Evacuating the wounded from all the clearing platoons were ambulances of the (Third) Army. Starting the third echelon of the Chain of Evacuation, these ambulances would collect the wounded and transport them to (Third Army) Field Hospitals or Evacuation Hospitals. During their assignment to a division, the personnel of these ambulances was “attached for rations only”, meaning that the medical company mess received extra rations to feed the ambulance teams (just like it would for any attached Chaplains).

Having these ambulances at the clearing stations, meant that casualties could be evacuated as soon as their medical condition allowed, without the need to wait for the arrival of the evacuating ambulances.

Jim Sanders was one of the ambulance drivers in the 585th Ambulance Company (mtr.). In his book, Saving Lives, Saving Memories: A 19-Year Old Ambulance Driver in the Wake of Patton’s Army, he describes his experiences on his first assignment, evacuating the casualties of the 4th Armored Division:

“As ambulance drivers it would be our job to take wounded soldiers, who had already been given emergency treatment by front-line medics in hastily set-up aid stations [clearing stations], back to the nearest evacuation (“evac”) hospital for more extensive treatment. We would be, so to speak, taxi drivers for battle casualties, transporting wounded soldiers who might still be patched up and returned to service, or at least not returned home in coffins.

That same night Captain Brawerman decided to take our platoon of ten ambulances to find the battalion aid station [clearing station] of the Fourth Armored unit, to whom we’d now been officially assigned.

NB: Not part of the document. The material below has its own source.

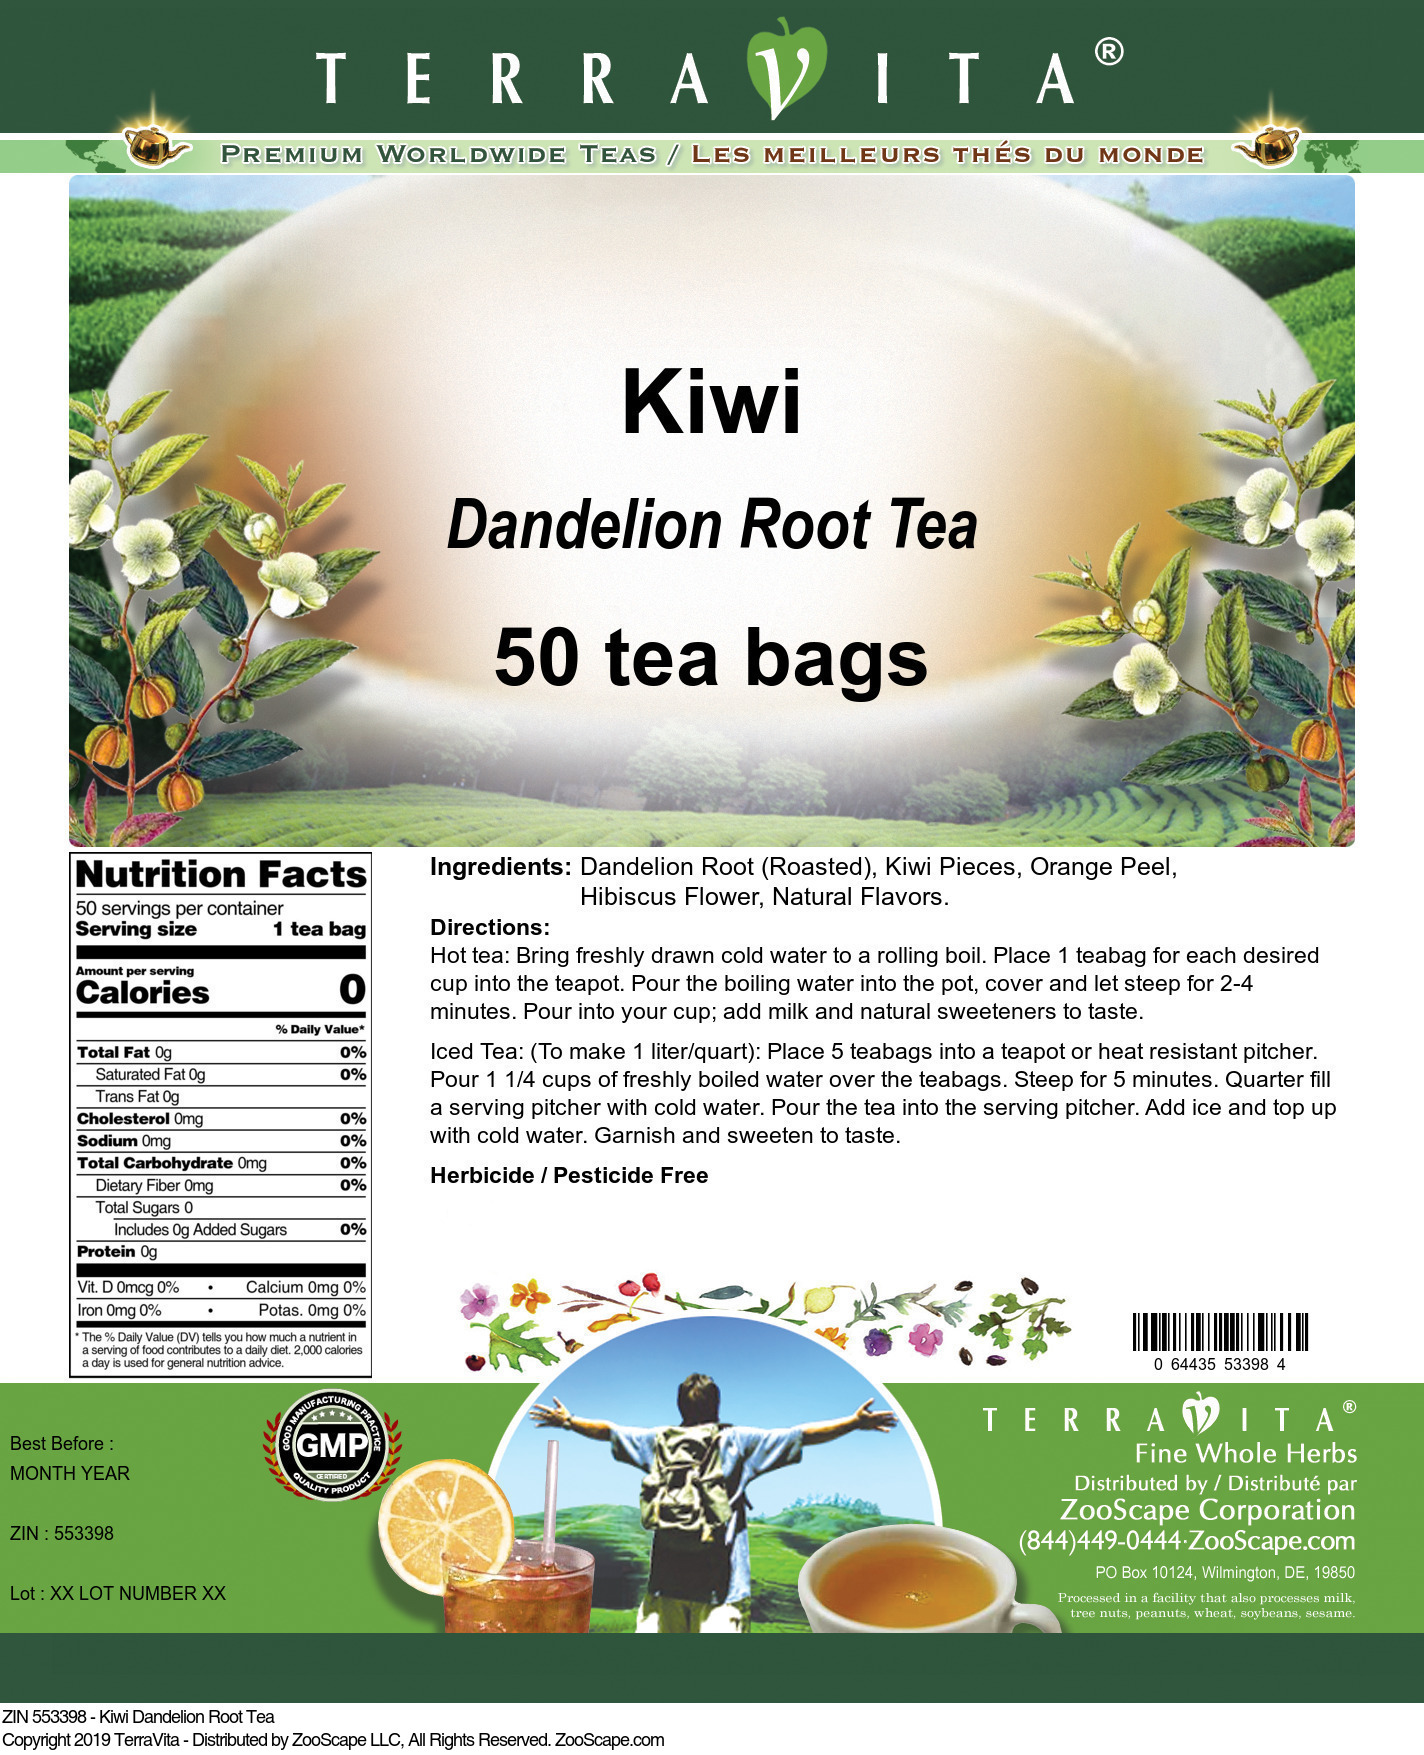 Kiwi Dandelion Root Tea

[..] The aid station was set up next to an extensive field bordered by trees, whose grass was stained with blood fresh enough that it glistened bright red. Driving onto the field, we lined up our ambulances and immediately began to take on wounded, two on each side of the interior, one above the other. Our first load included a soldier on the lower right litter whose head was wrapped with a bandage soaked through with blood. A medical officer came by, peered in and said, “Pull him out-he’s dead.” Through the years I’ve wondered who that soldier was, and about the family he would return to in a casket. But with no time to reflect, we simply removed the dead man, gently laid him on the grassy field and loaded another wounded soldier in his place. And with that we started back to an evac hospital in Normandy, newly initiated into the harsh realities of war.” (page 41, 43).

The 585th Ambulance Company (mtr.) was first assigned to the 4th Armored from August 1st to August 12th, 1944, with a platoon each attached to Companies A and B of the 46th AMB. In the course of the War, it would be reassigned a couple of times to provide third echelon evacuation.

Division Surgeon Journal 585th Amb. Co:

Division Surgeon Journal 1944-585th Ambulance Co

 

Between July 1944 and May 1945, the medical companies of the 46th AMB treated a total of 20.016 patients of whom 14.912 were of the 4th AD. A total of 3850 patients were able to return to their units after treatment in the 46th AMB medical stations.